Records from a data collection
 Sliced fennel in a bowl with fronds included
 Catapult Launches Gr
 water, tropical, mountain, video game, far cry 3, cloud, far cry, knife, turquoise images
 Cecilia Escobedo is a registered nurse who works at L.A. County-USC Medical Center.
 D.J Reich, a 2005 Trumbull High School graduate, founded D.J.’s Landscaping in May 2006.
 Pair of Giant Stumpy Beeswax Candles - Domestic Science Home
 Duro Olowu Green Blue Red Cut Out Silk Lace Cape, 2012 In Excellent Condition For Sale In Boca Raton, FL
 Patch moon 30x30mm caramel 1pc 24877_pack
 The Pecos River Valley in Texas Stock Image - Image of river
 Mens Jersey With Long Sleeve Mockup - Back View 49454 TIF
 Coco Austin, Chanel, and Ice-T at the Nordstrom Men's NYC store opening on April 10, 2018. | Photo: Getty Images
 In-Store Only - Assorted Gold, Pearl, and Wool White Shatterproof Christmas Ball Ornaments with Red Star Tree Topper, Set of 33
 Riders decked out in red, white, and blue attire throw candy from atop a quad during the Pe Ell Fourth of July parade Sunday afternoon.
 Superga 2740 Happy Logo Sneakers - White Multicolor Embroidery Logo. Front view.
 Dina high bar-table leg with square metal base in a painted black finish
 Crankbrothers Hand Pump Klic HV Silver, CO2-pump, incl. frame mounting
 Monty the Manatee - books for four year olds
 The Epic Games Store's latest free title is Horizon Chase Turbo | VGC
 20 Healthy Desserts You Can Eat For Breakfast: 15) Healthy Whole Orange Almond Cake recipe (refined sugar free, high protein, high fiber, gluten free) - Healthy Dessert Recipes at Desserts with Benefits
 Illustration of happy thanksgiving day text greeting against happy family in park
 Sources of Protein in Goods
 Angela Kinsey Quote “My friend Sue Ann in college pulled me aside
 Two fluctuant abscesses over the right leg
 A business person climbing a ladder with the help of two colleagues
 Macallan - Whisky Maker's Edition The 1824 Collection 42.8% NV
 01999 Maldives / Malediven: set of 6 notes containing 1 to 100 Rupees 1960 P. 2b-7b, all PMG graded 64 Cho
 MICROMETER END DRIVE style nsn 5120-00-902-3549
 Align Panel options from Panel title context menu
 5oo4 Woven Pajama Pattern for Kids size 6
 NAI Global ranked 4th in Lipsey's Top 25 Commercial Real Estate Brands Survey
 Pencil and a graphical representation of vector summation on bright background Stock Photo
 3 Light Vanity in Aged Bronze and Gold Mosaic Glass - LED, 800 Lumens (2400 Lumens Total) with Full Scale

_Problem statement:_ Lines in the records above that carry the word "Photo" are to be located and copied.

_Exercise output:_
 Coco Austin, Chanel, and Ice-T at the Nordstrom Men's NYC store opening on April 10, 2018. | Photo: Getty Images
 Pencil and a graphical representation of vector summation on bright background Stock Photo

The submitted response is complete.